Niemiecki raper zabity w Syrii. Deso Dogg zginął podczas nalotu
Niemiecki dżihadysta Denis Cuspert - propagandowy symbol Państwa Islamskiego - został zabity podczas walk w mieście Gharanidż - podała wspierająca IS agencja informacyjna Wafa.
Deso Dogg zginął podczas jednego z nalotów w prowincji Dajr az-Zaur we wschodniej części Syrii - głosi oświadczenie Wafa, do którego dotarła amerykańska grupa SITE Intelligence Group, która monitoruje działania islamskich fanatyków. Agencja opublikowała też zdjęcia, które mają potwierdzać śmierć 43-latka.

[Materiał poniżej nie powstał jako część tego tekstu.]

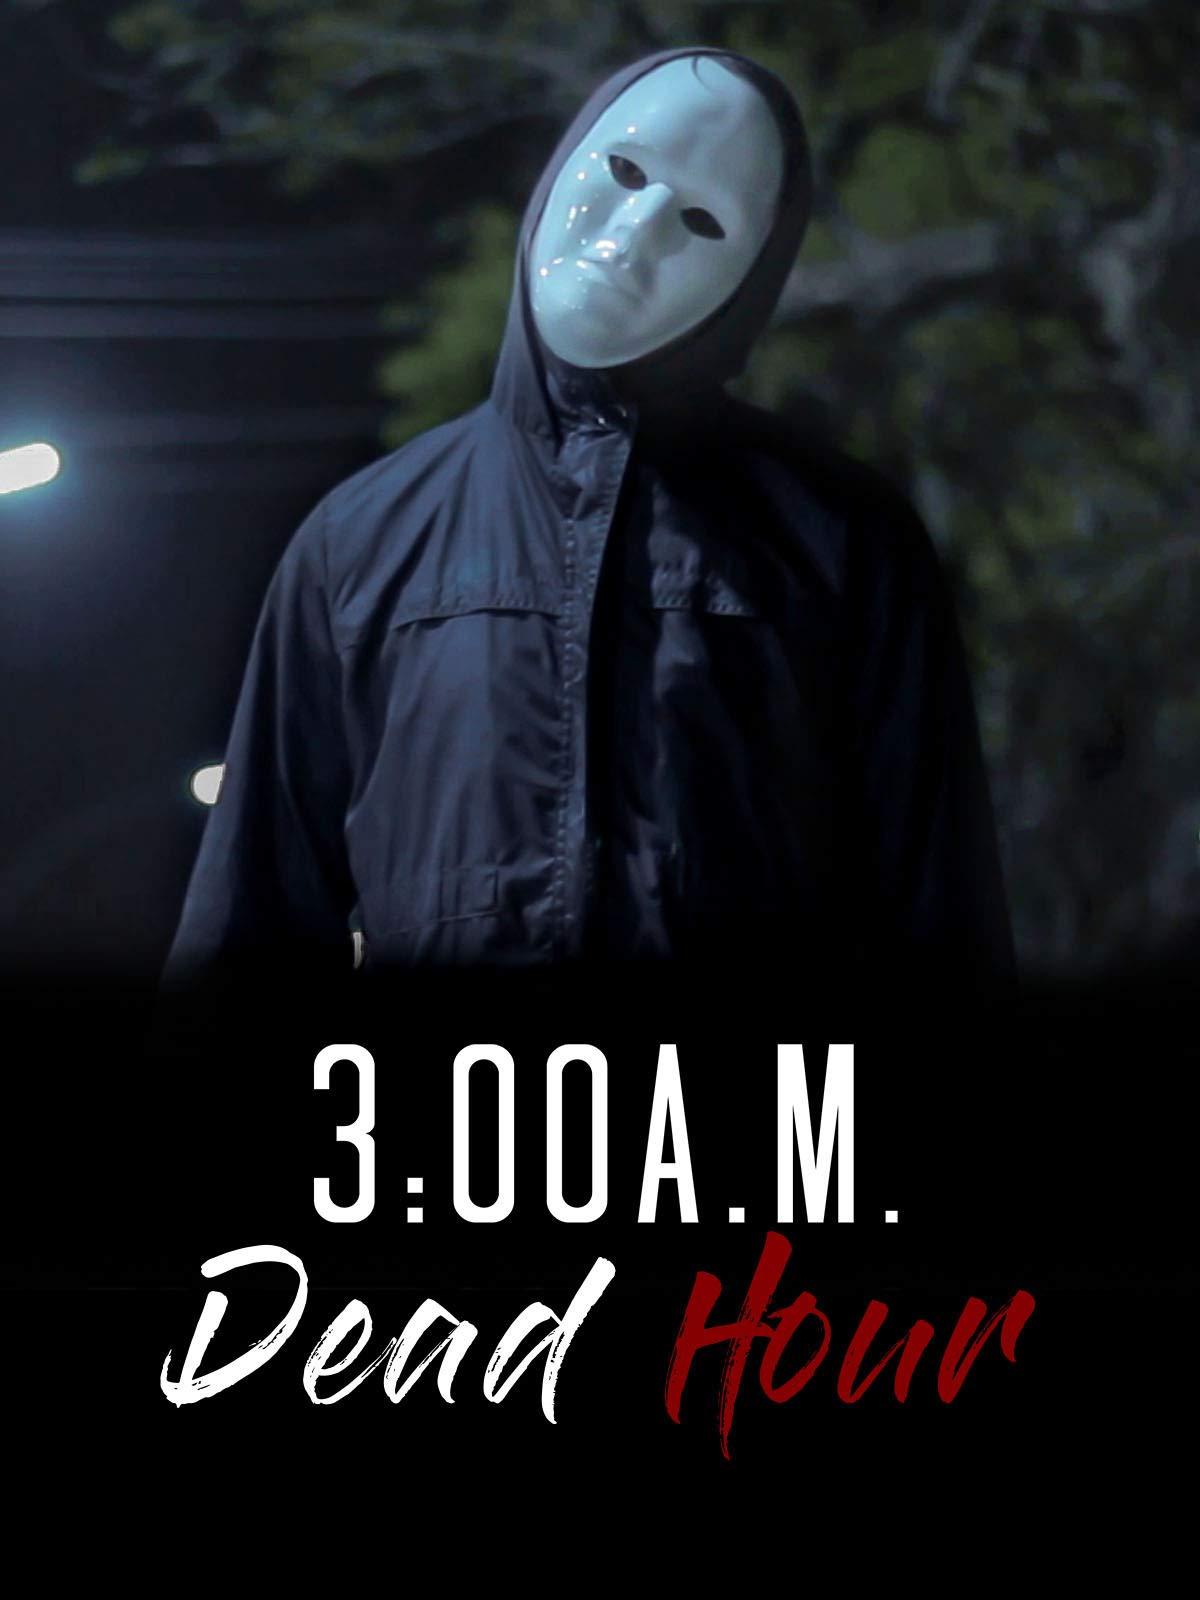 3:00 A.M. Dead Hour

Mający obywatelstwo Niemiec i Ghany Denis Cuspert wyjechał z Niemiec, aby walczyć w szeregach IS ponad cztery lat temu. Zmienił imię oraz nazwisko na Abu Talha al-Almani i szybko stał się ikoną propagandy dżihadystów, a zarazem najsłynniejszym z zachodnich bojowników tego ugrupowania w Syrii.
Wzywał do zamachów
Pojawiał się w wielu filmach propagandowych, a w jednym z nich widać, jak trzyma głowę zabitego jeńca. Zasłynął też z nagrania, w którym groził śmiercią byłemu prezydentowi USA Barackowi Obamie.
Był uznawany za główną osobę w procesie rekrutacji w Niemczech kandydatów na bojowników IS. Wielokrotnie zachęcał też zachodnich muzułmanów do przeprowadzania zamachów. Sam zradykalizował się ok. 2010 roku, kończąc karierę muzyczną.
To już trzeci komunikat o śmierci 43-latka od czasu, kiedy wyjechał do Syrii. W roku 2015 o zabiciu islamisty informował Pentagon, a rok wcześniej samo Państwo Islamskie.